The purpose of meal prepping is to save time and money. Creating individualized meals won’t do you any good.
Baked or grilled meats less the skin are fairly easy to reheat. You can make cold chicken salad, egg salad, or something else with these meats and make something extraordinary using the same ingredients.
6. Don”t over complicate your meals
At the heart of a healthy freezer meal prepping is the simplicity of ingredients and of the meal. Don’t try to make a beef wellington just because you like it.
Meal prepping is meant to save you time.
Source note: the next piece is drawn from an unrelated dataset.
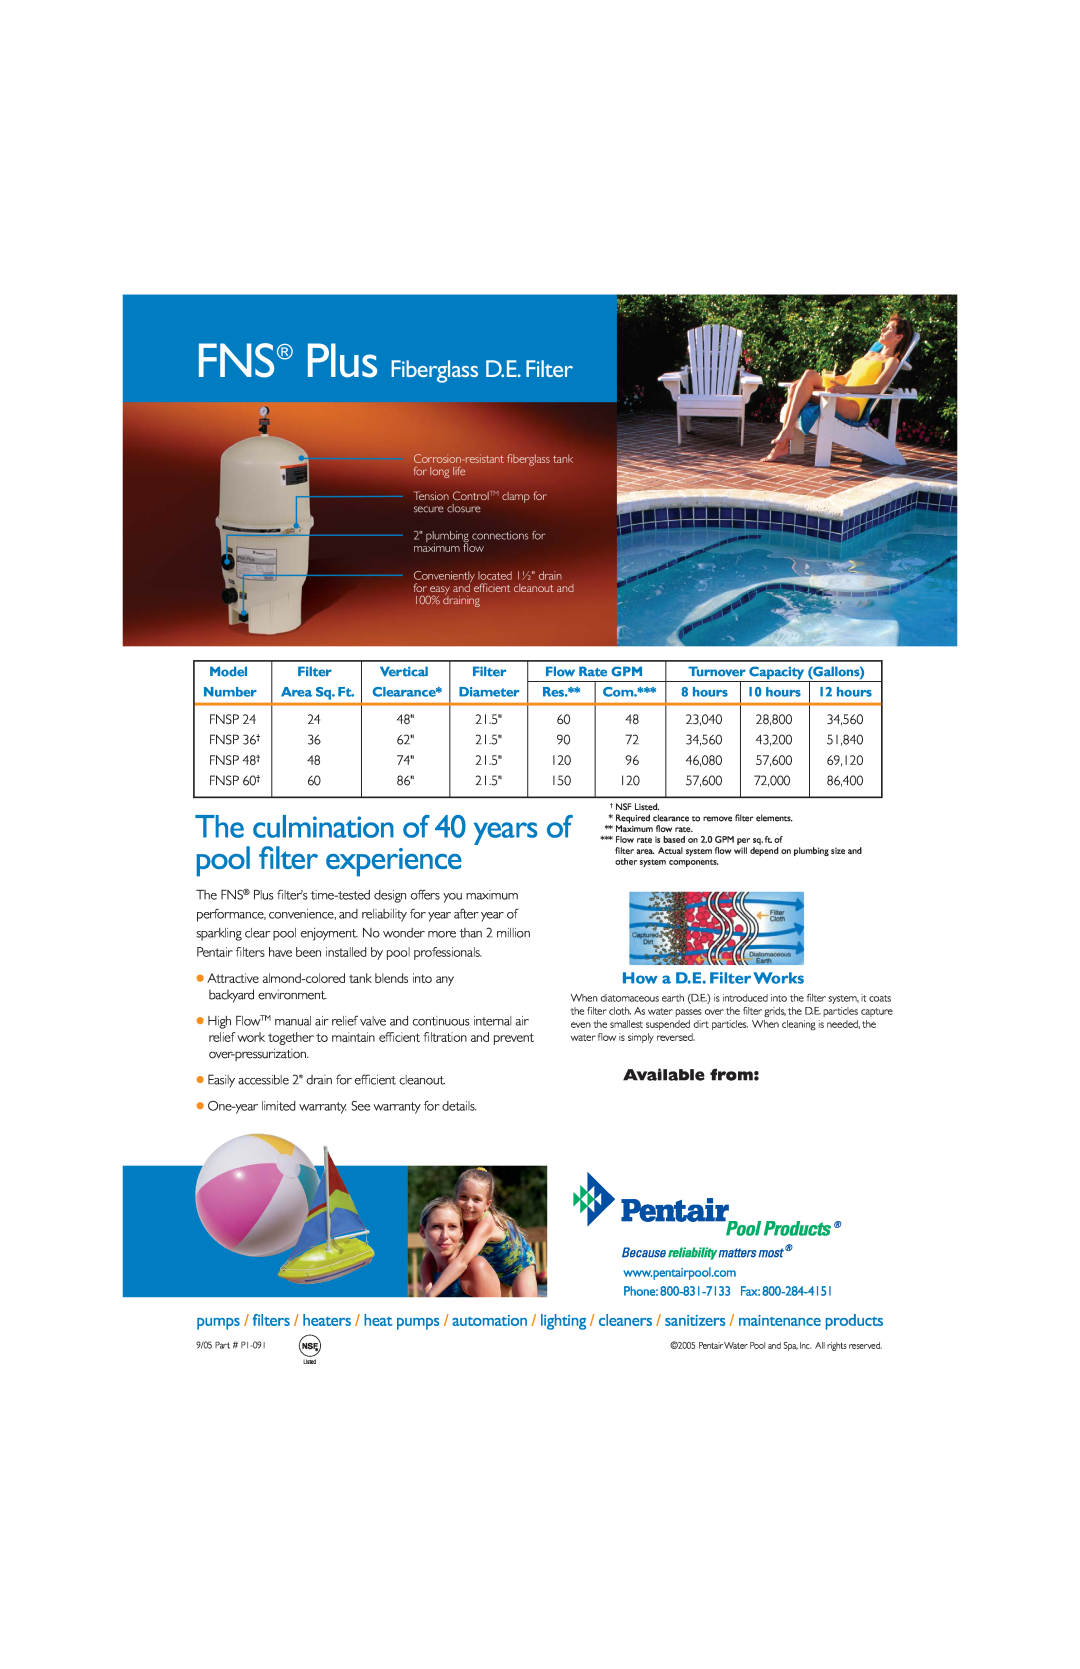 Pentair manual pool filter experience, FNS Plus Fiberglass D.E. Filter, The culmination of 40 years of, Available from 
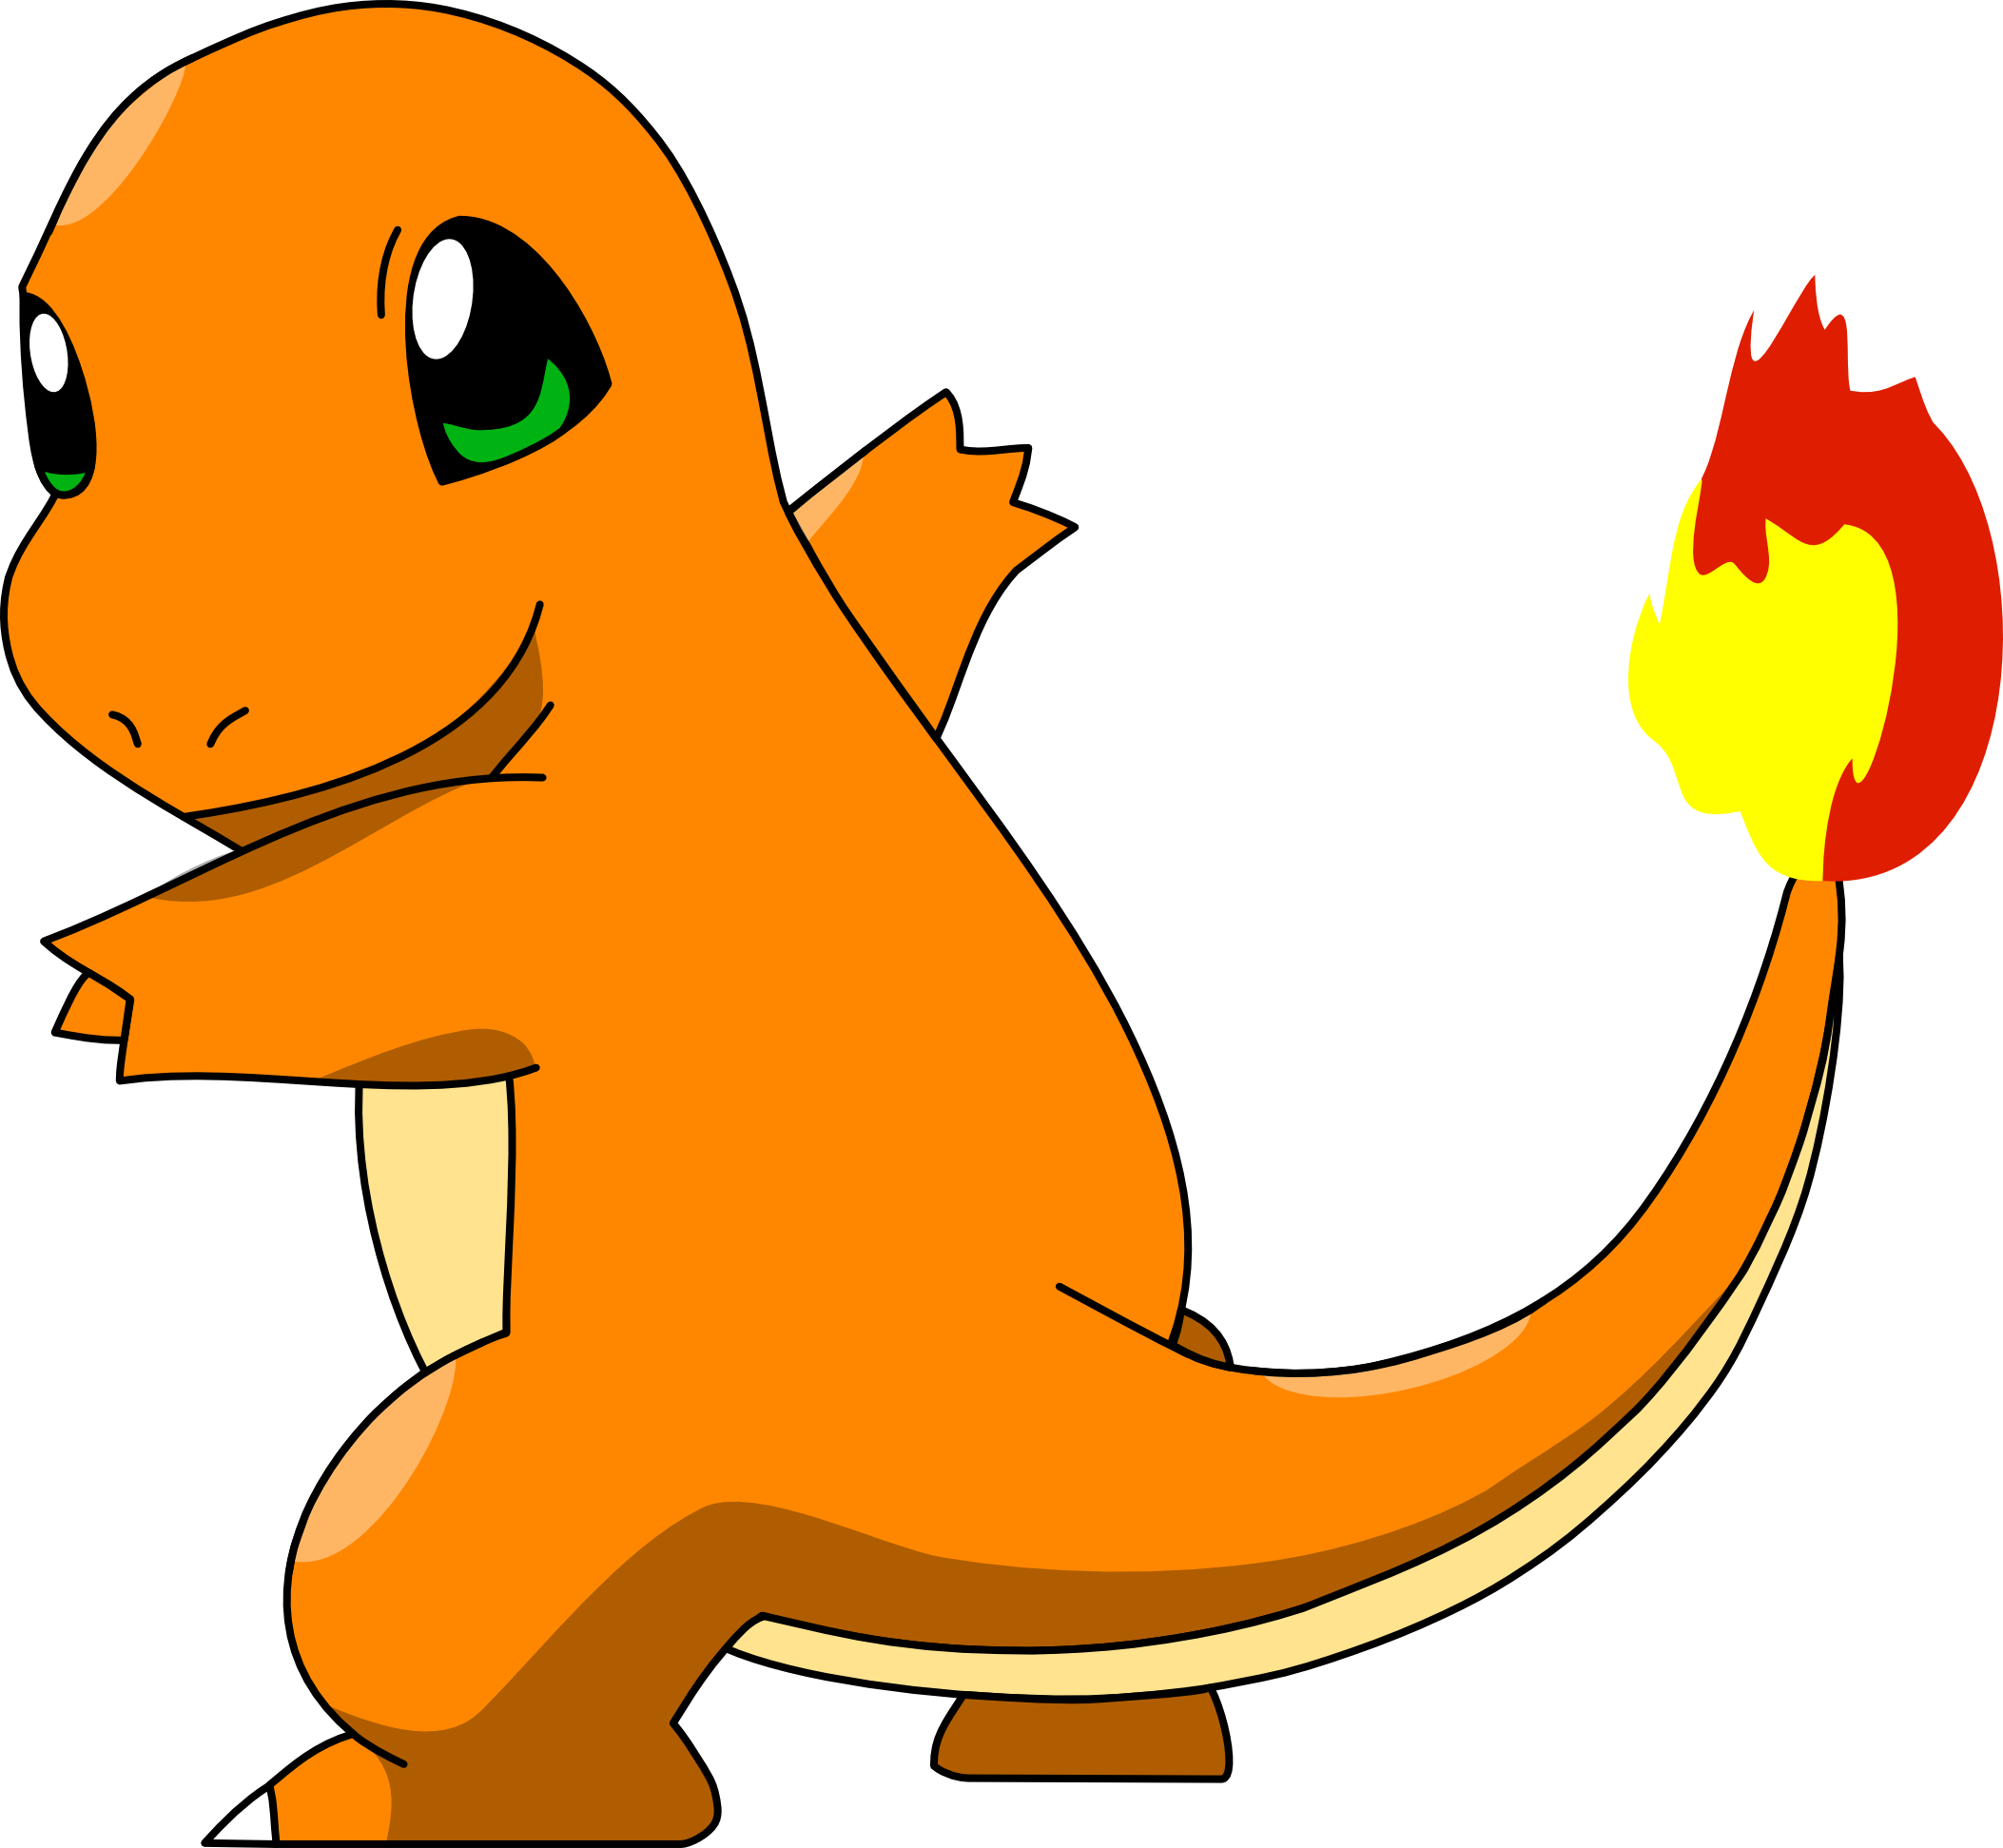 Download and share clipart about Charmander By Mighty355 Charmander By Migh...

If you create complicated meals with too many ingredients and steps, you are opening your meal prep to a disaster.
Simple meals can be as tasty and yummy as the complicated ones. Some of the easy ones to make include meatballs in barbecue sauce, vegetable soups, just to name a few.
No time to prep a whole meal?
No worries. When you are already elbow-deep in making a single meal, put an effort to chop up a few extra handfuls of things like sweet potatoes, carrots, sweet potatoes, or kale.
They are easy to prep and they will make easy additions to future meals if they are frozen in a single layer on a baking sheet (designed to prevent sticking) and they are stored in storage bags.
If you are prepping meat on the other hand, you need to cook it before freezing. That however will make preparing it on the other end extra easy: thaw, heat and season.
Meal preppring doesn’t always have to be difficult, challenging, and confusing. There are endless meals plans like PlateJoy or so many things you can easily do to make meals one less stressful thing to do.
People think meal prepping is hard, but it really isn’t. You just have to have the right mind set, the right ingredients, and set aside time to create your favorite dishes. That’s all.
Are you reading to start your healthy freezer meal prep? What areas of meal prepping are you most unsure of or are excited to do?